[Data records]
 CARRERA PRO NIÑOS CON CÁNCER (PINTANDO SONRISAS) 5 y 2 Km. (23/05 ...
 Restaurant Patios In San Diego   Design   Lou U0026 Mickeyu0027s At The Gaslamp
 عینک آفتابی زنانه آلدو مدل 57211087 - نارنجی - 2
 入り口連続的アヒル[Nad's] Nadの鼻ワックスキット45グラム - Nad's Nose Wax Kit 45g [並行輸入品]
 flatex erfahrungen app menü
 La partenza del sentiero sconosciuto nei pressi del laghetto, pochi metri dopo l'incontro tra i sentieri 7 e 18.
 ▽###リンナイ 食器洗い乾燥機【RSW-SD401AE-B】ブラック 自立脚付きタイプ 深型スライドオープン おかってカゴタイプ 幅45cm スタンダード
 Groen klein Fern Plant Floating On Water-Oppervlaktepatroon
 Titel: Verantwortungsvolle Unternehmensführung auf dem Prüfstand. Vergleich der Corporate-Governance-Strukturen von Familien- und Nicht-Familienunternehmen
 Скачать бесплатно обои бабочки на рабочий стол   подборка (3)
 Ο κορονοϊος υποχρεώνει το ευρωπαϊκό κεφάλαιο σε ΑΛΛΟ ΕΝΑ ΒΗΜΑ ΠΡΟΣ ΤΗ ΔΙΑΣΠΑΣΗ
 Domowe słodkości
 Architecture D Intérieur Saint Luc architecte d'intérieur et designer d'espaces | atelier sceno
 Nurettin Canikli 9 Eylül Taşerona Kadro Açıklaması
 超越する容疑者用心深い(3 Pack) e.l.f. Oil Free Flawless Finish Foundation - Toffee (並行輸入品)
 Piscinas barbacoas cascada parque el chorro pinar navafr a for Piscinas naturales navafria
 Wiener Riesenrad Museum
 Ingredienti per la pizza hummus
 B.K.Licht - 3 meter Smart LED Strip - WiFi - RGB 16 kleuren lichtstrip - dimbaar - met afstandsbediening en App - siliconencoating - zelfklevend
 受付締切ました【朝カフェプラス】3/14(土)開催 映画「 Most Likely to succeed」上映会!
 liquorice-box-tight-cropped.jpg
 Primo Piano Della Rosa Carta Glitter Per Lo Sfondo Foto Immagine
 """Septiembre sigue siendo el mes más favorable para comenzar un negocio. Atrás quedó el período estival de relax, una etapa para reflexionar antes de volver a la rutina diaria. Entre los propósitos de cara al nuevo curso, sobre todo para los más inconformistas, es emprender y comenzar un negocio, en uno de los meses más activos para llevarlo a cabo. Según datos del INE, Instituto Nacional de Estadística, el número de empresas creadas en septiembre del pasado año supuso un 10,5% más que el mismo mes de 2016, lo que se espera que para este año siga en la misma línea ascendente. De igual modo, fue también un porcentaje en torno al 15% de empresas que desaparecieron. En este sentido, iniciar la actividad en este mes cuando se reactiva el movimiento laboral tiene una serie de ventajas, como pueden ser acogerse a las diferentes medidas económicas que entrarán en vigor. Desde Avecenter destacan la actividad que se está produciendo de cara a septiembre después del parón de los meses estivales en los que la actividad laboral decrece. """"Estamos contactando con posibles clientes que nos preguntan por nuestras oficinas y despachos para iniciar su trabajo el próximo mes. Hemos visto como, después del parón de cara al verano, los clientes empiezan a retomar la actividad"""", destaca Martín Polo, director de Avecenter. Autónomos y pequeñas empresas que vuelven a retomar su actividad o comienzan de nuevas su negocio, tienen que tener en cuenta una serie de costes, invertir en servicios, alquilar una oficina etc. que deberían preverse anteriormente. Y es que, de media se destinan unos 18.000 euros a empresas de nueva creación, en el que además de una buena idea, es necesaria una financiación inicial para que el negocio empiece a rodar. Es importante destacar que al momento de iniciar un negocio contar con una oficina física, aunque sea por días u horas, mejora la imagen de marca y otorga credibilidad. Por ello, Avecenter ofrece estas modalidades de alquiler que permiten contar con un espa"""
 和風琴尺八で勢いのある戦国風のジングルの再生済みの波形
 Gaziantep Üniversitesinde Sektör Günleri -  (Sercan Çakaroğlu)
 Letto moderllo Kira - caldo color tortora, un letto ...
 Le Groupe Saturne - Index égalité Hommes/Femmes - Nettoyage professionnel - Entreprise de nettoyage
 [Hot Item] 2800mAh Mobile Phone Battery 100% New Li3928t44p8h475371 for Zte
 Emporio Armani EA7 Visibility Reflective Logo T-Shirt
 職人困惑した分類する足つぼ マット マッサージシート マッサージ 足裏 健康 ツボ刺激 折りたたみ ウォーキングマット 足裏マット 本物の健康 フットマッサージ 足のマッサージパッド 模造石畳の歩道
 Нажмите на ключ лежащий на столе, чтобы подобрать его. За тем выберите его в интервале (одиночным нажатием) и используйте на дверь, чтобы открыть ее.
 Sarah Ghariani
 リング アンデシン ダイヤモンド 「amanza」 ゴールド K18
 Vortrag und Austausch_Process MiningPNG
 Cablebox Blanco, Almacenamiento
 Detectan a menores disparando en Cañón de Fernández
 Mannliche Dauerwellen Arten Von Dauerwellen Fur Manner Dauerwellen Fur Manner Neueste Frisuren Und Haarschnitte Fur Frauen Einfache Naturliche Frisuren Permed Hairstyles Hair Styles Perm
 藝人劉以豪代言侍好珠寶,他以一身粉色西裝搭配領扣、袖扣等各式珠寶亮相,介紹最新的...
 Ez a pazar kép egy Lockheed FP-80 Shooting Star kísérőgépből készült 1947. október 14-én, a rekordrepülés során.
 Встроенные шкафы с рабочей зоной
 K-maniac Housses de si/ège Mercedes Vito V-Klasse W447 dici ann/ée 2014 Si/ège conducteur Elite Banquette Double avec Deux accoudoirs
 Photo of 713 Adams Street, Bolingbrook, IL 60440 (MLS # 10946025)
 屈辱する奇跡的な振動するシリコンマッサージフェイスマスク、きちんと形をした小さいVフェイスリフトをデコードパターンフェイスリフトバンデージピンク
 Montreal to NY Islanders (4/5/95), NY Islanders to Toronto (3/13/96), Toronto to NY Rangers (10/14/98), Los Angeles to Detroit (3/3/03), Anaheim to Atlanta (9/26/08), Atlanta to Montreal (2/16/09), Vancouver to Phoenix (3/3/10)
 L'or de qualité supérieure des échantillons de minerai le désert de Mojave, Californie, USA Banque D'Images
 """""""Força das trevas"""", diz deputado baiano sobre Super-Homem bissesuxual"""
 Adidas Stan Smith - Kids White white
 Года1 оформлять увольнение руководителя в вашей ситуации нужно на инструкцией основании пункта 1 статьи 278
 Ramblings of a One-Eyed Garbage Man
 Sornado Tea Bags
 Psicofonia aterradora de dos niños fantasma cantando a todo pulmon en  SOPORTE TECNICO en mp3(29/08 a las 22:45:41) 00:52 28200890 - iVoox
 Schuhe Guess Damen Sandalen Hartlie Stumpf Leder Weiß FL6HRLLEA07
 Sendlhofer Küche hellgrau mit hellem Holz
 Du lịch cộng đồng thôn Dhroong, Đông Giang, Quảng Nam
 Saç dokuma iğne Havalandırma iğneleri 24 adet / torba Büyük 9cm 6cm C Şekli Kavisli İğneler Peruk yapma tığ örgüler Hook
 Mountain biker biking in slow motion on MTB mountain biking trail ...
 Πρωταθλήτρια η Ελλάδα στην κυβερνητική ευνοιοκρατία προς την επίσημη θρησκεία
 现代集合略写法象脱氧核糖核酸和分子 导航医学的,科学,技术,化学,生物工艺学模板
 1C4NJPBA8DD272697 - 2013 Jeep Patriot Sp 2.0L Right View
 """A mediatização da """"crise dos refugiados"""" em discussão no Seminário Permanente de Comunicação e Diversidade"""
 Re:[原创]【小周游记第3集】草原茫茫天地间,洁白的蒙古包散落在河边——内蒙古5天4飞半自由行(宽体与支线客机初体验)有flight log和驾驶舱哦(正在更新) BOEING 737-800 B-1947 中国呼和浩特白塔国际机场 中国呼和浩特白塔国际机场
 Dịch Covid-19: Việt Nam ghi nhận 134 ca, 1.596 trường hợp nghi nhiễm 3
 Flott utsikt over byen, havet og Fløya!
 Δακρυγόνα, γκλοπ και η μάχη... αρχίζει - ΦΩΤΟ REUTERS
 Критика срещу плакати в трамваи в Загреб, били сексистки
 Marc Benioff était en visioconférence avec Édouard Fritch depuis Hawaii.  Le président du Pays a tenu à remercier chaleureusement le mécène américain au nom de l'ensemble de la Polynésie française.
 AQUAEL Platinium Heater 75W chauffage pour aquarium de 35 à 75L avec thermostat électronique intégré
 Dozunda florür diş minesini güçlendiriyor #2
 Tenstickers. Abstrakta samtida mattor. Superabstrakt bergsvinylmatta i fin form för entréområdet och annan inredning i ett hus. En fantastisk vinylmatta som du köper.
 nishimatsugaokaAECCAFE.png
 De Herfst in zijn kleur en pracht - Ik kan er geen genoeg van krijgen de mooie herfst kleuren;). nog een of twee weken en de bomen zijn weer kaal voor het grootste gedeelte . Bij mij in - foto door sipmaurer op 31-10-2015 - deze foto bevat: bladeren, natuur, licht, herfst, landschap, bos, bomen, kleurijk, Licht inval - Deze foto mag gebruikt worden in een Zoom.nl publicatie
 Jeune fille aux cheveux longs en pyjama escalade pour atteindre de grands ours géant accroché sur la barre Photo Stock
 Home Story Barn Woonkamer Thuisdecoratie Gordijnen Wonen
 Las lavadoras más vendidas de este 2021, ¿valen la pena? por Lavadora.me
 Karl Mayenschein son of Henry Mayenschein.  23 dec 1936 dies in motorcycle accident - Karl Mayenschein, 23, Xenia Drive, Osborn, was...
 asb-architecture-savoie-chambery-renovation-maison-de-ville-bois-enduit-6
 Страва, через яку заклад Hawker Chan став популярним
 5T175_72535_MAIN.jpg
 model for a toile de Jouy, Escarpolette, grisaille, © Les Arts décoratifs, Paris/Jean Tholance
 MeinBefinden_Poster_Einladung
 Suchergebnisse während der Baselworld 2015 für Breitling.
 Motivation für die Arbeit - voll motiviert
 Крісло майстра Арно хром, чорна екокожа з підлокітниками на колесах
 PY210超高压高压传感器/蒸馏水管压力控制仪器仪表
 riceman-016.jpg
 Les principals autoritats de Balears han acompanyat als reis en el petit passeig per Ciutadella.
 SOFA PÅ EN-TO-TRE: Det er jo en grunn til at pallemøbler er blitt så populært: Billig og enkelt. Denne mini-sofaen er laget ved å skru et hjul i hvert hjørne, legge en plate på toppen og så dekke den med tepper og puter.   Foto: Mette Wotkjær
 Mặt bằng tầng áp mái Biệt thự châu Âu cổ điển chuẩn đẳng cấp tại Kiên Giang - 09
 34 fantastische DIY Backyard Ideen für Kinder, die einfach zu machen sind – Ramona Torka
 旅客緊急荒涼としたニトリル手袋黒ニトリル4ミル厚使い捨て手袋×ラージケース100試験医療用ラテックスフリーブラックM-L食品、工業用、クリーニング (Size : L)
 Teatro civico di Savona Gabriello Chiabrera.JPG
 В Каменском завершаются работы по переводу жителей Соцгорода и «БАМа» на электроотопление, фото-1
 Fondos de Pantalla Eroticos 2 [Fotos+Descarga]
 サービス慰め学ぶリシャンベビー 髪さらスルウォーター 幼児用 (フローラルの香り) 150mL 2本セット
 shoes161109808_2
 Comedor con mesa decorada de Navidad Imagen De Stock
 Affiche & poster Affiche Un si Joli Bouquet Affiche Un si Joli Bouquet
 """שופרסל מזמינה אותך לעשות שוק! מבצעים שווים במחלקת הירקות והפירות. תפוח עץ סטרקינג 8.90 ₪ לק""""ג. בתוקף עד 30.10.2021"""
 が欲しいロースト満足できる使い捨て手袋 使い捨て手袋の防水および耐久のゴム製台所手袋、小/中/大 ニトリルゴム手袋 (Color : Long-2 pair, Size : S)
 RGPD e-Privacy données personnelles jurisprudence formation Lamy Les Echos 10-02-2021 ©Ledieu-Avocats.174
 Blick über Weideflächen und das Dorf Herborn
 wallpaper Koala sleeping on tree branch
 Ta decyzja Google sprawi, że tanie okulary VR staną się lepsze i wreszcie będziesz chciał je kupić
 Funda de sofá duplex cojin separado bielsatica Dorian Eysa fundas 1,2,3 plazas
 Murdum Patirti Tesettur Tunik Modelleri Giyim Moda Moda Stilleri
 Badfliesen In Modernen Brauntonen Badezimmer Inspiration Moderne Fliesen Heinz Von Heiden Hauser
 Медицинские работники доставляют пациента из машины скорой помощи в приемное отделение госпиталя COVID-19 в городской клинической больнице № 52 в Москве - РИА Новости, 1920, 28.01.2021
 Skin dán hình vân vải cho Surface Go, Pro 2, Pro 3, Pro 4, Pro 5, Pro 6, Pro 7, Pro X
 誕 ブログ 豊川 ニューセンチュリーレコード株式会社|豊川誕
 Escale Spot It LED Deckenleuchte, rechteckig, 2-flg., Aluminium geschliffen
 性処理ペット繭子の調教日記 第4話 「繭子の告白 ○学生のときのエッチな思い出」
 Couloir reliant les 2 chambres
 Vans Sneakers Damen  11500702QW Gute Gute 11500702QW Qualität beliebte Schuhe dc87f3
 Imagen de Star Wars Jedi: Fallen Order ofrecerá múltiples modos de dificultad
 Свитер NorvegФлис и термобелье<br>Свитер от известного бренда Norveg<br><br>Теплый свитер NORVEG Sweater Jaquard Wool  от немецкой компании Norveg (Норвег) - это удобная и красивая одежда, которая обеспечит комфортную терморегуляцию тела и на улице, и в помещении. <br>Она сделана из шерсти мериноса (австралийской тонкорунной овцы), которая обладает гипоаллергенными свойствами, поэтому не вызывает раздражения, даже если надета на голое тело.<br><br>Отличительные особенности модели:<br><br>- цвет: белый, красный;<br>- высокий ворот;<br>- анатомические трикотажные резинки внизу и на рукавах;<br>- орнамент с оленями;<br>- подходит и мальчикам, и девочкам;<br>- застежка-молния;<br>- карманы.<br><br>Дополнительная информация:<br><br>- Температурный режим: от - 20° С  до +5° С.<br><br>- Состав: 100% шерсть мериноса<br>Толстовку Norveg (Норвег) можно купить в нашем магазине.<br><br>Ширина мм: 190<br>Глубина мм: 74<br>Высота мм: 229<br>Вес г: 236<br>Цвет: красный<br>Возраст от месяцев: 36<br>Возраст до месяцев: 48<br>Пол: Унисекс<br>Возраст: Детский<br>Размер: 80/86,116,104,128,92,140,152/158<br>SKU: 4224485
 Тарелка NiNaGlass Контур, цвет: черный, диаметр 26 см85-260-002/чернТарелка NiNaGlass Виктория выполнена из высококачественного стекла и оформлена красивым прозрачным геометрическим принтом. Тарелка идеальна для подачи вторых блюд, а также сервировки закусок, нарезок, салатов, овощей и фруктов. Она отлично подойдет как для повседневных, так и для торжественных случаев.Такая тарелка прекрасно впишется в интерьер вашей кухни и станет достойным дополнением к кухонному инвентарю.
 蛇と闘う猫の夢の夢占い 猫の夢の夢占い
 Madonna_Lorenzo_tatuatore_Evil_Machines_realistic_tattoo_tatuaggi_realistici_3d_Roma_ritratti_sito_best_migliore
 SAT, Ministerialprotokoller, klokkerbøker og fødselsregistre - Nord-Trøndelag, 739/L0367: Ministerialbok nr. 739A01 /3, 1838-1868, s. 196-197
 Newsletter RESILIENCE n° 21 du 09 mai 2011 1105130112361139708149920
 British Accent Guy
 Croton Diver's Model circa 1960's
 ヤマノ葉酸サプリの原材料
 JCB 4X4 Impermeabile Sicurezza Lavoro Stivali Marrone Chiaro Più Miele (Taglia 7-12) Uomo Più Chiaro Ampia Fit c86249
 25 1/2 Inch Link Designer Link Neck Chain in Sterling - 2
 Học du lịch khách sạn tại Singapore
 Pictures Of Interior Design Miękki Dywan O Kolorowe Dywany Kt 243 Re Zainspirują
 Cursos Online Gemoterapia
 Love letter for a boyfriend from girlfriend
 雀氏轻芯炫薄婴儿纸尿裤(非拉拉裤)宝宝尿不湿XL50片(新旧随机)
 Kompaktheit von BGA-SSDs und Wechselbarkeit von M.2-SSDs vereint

### Prompt
Taking the entries above, write out exactly each line from the one holding "Domowe słodkości" to the one holding "Piscinas barbacoas cascada", both included, and stop there.

### Written response
 Domowe słodkości
 Architecture D Intérieur Saint Luc architecte d'intérieur et designer d'espaces | atelier sceno
 Nurettin Canikli 9 Eylül Taşerona Kadro Açıklaması
 超越する容疑者用心深い(3 Pack) e.l.f. Oil Free Flawless Finish Foundation - Toffee (並行輸入品)
 Piscinas barbacoas cascada parque el chorro pinar navafr a for Piscinas naturales navafria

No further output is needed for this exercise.